I have two functions, one of them are a function with array and the other one is with pointer parameter. They return the same result but I don't know which one is better to use.

#define SIZE 1024

int sumA(int a[SIZE][SIZE])
{
  int sum = 0;
  for(int y = 0; y < SIZE; y++)
    for(int x = 0; x < SIZE; x++)
      sum += a[x][y];

  return sum;
}

int sumB(int *a)
{
  int sum[4] = {0, 0, 0, 0};

  for( int i = 0; i < SIZE*SIZE; i += 4 )
  {
      sum[0] += a[i+0];
      sum[1] += a[i+1];
      sum[2] += a[i+2];
      sum[3] += a[i+3];
  }

  return sum[0] + sum[1] + sum[2] + sum[3];
}
    
Magic numbers like i += 4 are very bad; so bad that it immediately makes sumA the better choice. If you must use sizes of elements, use the sizeof operator, not a hardcoded number. – Carey Gregory 6 hours ago
1  
Why does sumB maintain 4 separate sums only to sum them all at the end? Why not just have one sum like sumA? – Chris Drew 6 hours ago
1  
@Bora U Why did you delete the code? – Johnathan Gross 6 hours ago
    
I have rollback as the answers/comments did not make any sense – Ed Heal 5 hours ago
    
int sum[4] = {0, 0, 0, 0}; -> int sum[] = {0, 0, 0, 0}; - Let the compiler do the counting – Ed Heal 5 hours ago

4 Answers 4

In both cases you are passing the array by reference, so no difference there.

Your sum function apparently has a lot of knowledge about the array that is passed in. So I believe it is better to force the array to be of the kind that is expected by the function.

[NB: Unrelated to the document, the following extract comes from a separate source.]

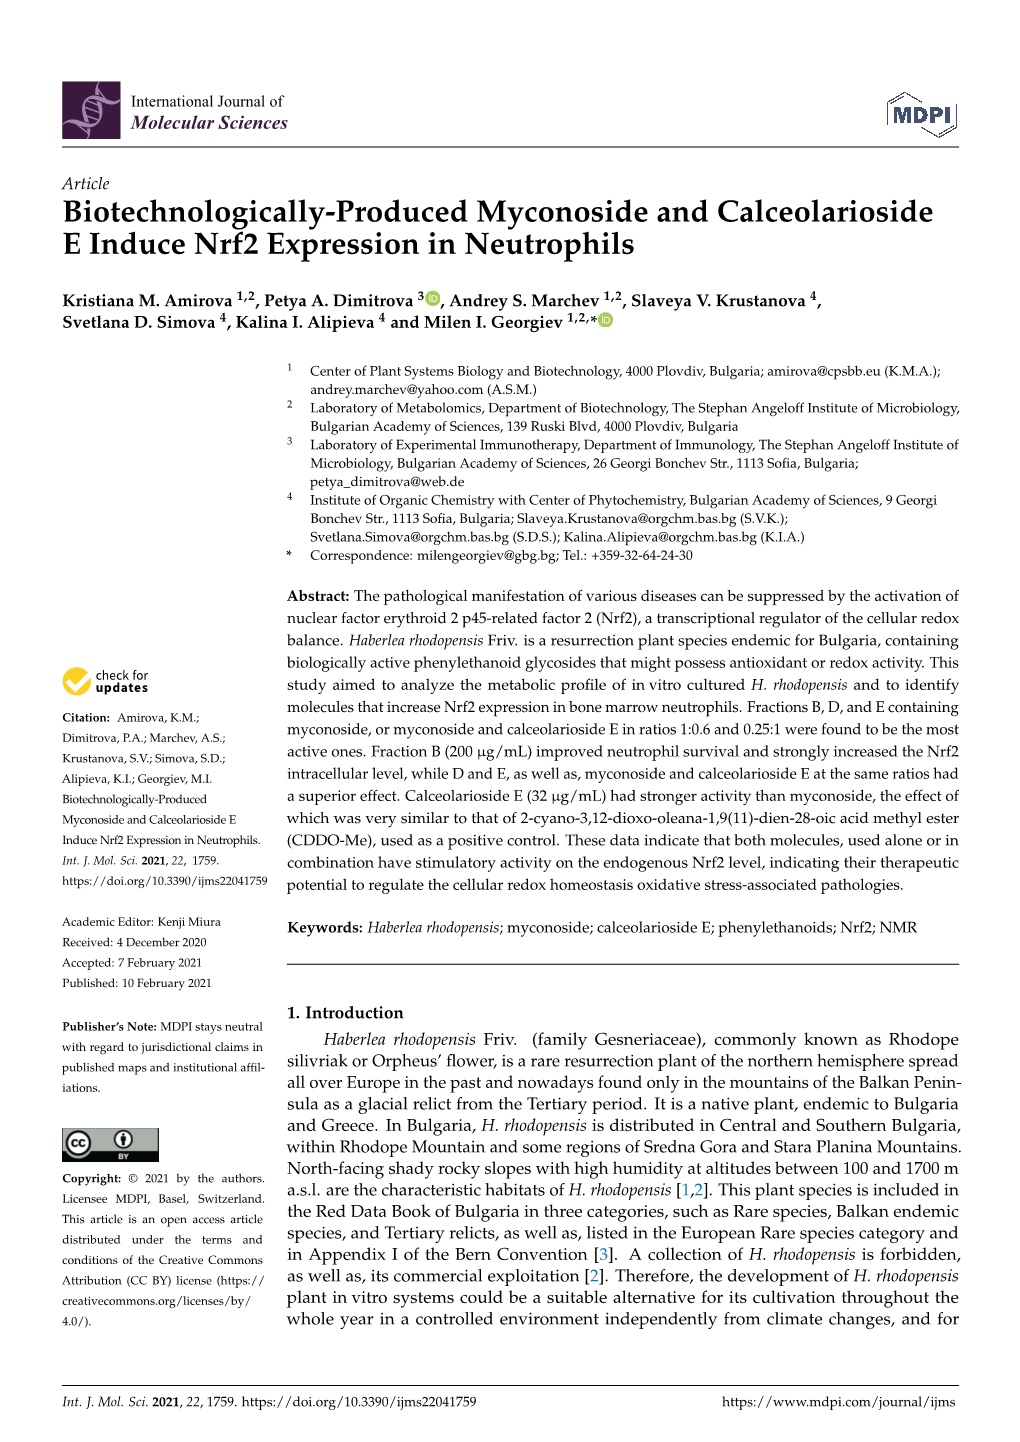 Biotechnologically-Produced Myconoside and Calceolarioside E Induce Nrf2 Expression in Neutrophils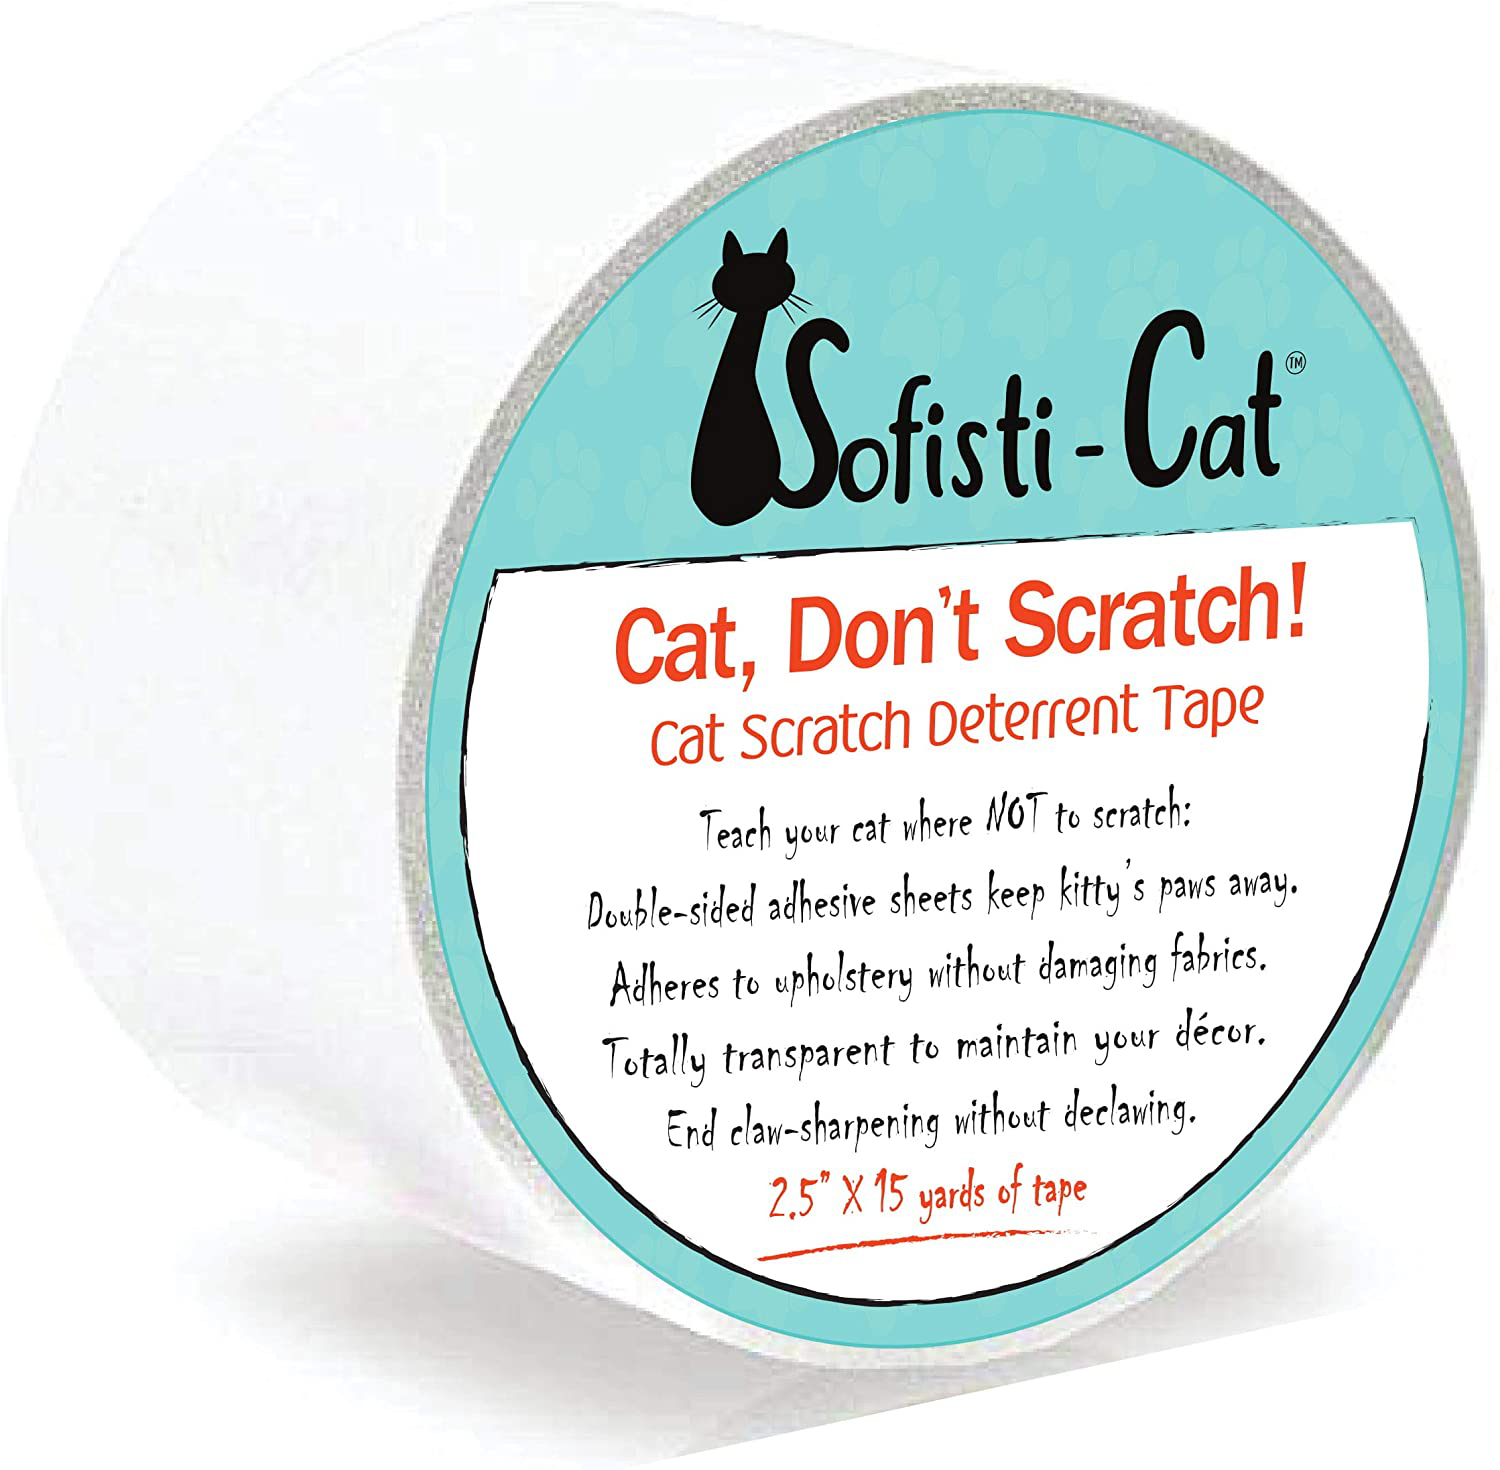 Cat Scratch Deterrent Tape,Anti Scratching Protection Tape,Furniture Protectors from Cats,Clear Double Sided Training Tape, Thebest Choice to

Edit: If you pass in a variable of type int[][] into a function that accepts an int pointer (int*), you have to explicitly cast the variable to int* or the compiler will not accept it.

Therfore

int sumA(int a[SIZE][SIZE])

is the better of the two.

sumB is better from a performance stand point as you are loop unrolling. The thing to be careful of is whether a is a multiple of 4 which you do not check for and could cause the program to crash.

Edit: sumA is certainly better as it is a lot more strict (it knows the exact dimensions)

    
I'm skeptical that once the compiler is done optimizing that sumB will have any performance advantage at all. – Carey Gregory 6 hours ago
1  
@CareyGregory on coliru (gcc) with O3 the second one is 10x faster – Sopel 5 hours ago

The first solution is more typesafe but is bad for performance:

  1. Loops are in order that subsequent adds jump in memory by SIZE*sizeof(int) bytes each, this is bad for cache
  2. You have to rely on compiler unrolling the loop and to even realize that it can be done by one instead of two

Second solution does manual loop unrolling which with the distributed sum variables works well with cpu pipelining (if it isn't vectorized in the first place) and makes less branches.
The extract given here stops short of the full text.